Two implementation gotchas:
HF weights are stored transposed. HuggingFace uses a TF-legacy Conv1D layer that stores (in, out)-shaped weights. Standard PyTorch nn.Linear stores (out, in). So when copying HF weights into our nn.Linear-based model, the four matrices c_attn, c_proj (attn), c_fc, c_proj (mlp) need .t(). The other tensors copy directly.
Weight tying. lm_head.weight and transformer.wte.weight are the same tensor in GPT-2 — one physical 38.6M-parameter matrix used both as input embedding and output classifier. That matrix alone is ~30% of the full 124M. Implementation: self.transformer.wte.weight = self.lm_head.weight. Two Python names, one tensor object.
Residual stream init
GPT-2 scales the output projection of each residual sub-layer at init by 1/sqrt(2*n_layer). With n_layer = 12, that’s a factor of ~0.204. Why: at each residual addition x = x + sub_layer(x), the variance of x grows. Without rescaling, variance compounds across 24 sub-layers (12 attn + 12 MLP) and the residual stream’s scale explodes by init time. The rescale keeps post-stack variance close to the input variance.
for pn, p in self.named_parameters():
if pn.endswith('c_proj.weight'):
torch.nn.init.normal_(p, mean=0.0, std=0.02 * (2 * config.n_layer) ** -0.5)
Everything else is standard N(0, 0.02). This trick is from nanoGPT, not the GPT-2 paper, but it makes training much more stable.

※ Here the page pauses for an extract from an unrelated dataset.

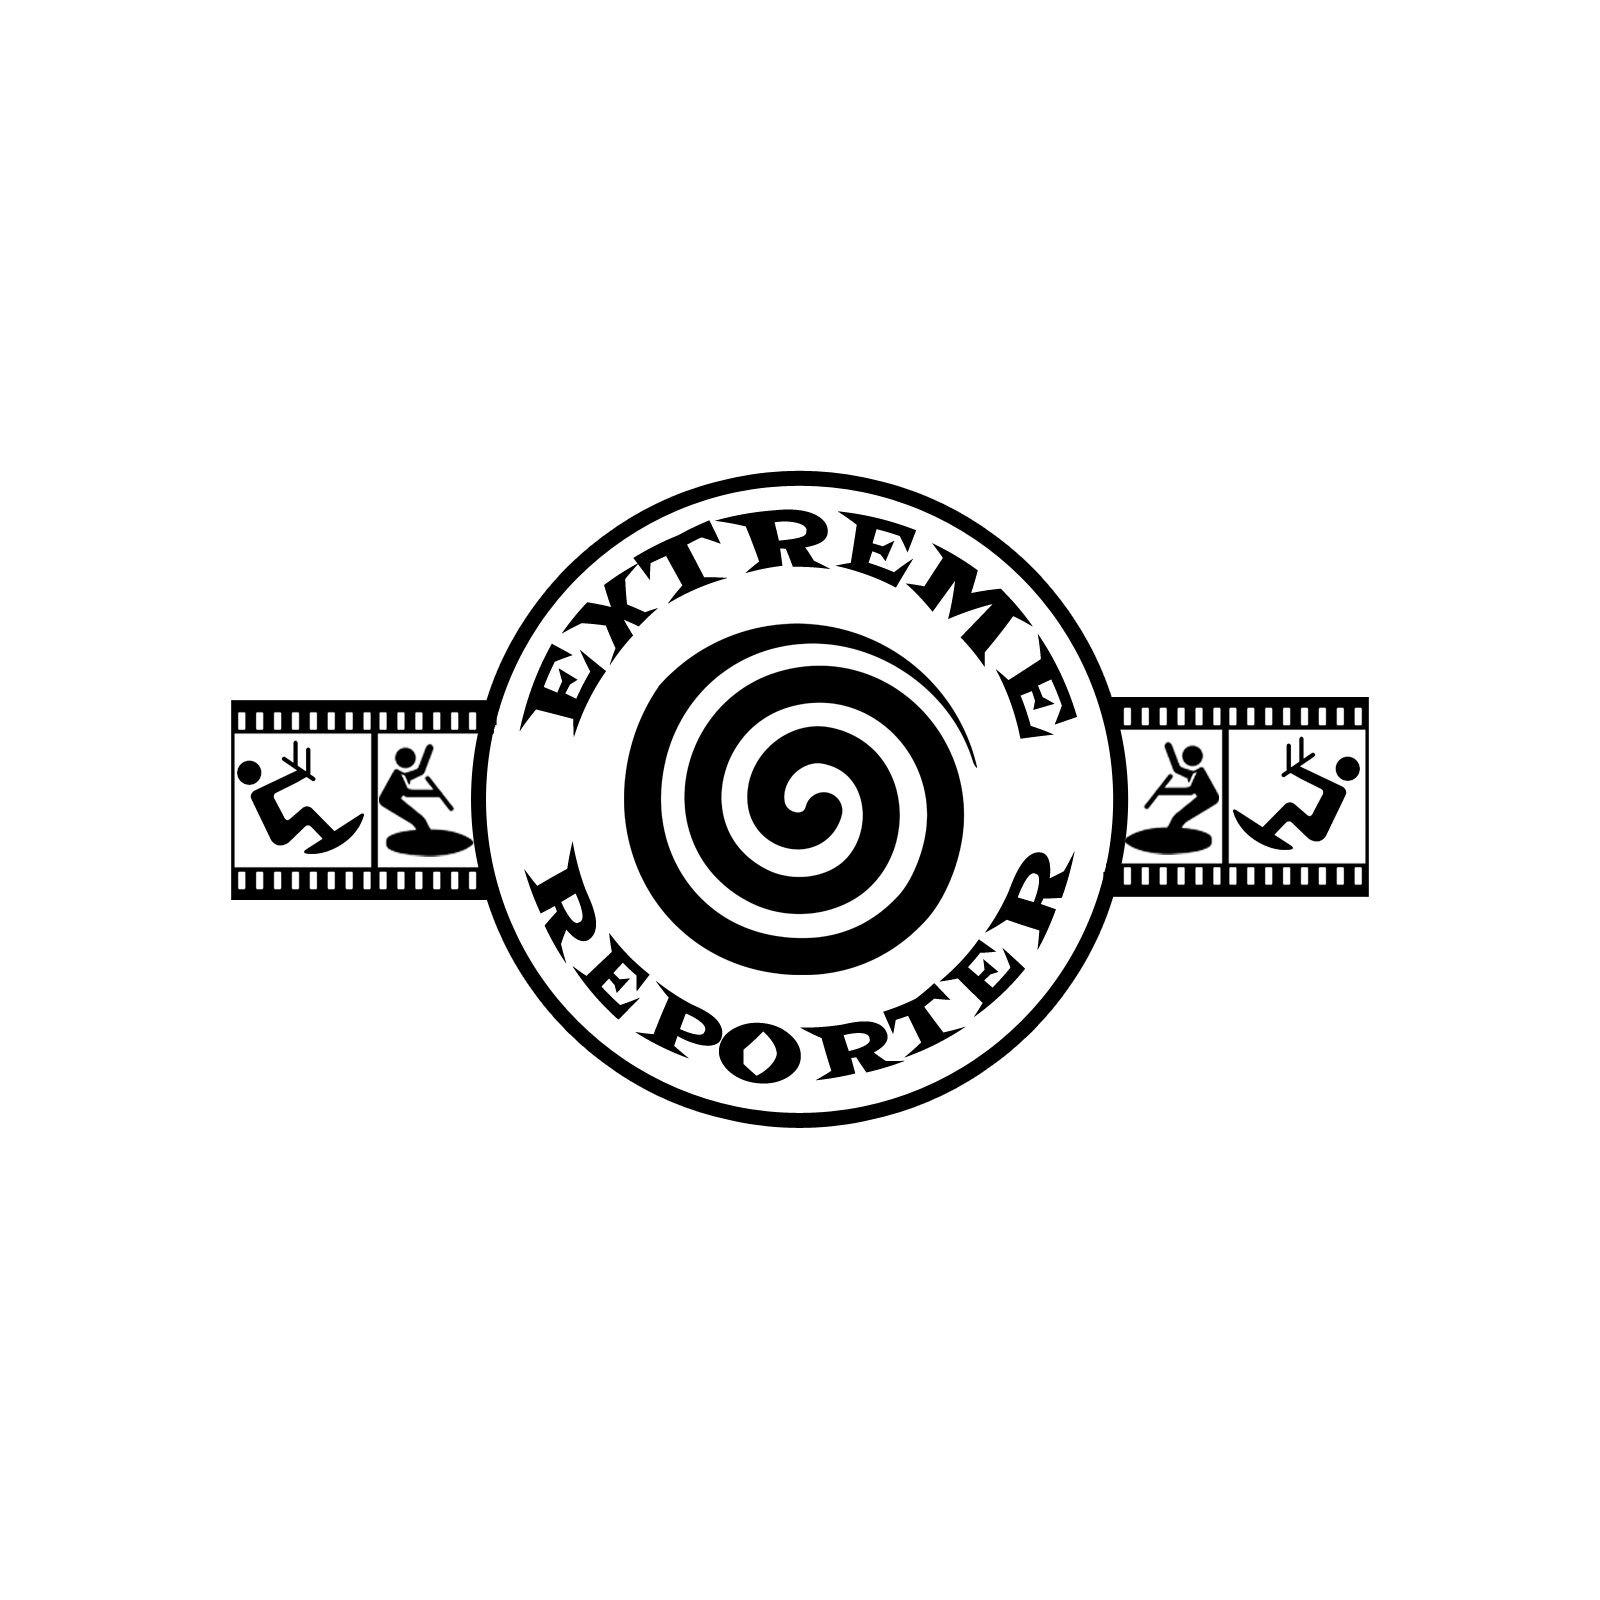 Логотип для экстрим фотографа.  фото f_3495a526e59004d8.png

Data: FineWeb-Edu, sharded
10B tokens of FineWeb-Edu (the educational subset), tokenized with tiktoken’s gpt2 encoding, written out as 100 shards of (100M tokens, uint16) .npy files. Tokenization is multiprocess and dominated by Python overhead — ~30 minutes on the 8× A100 instance, ~$26 just to tokenize.
uint16 because vocab size is 50257, comfortably under 65536. Cuts disk size in half.
DataLoaderLite keeps one shard in memory at a time, advances to the next when exhausted, and respects the DDP rank/world-size partitioning:
def reset(self):
self.current_shard = 0
self.tokens = load_tokens(self.shards[self.current_shard])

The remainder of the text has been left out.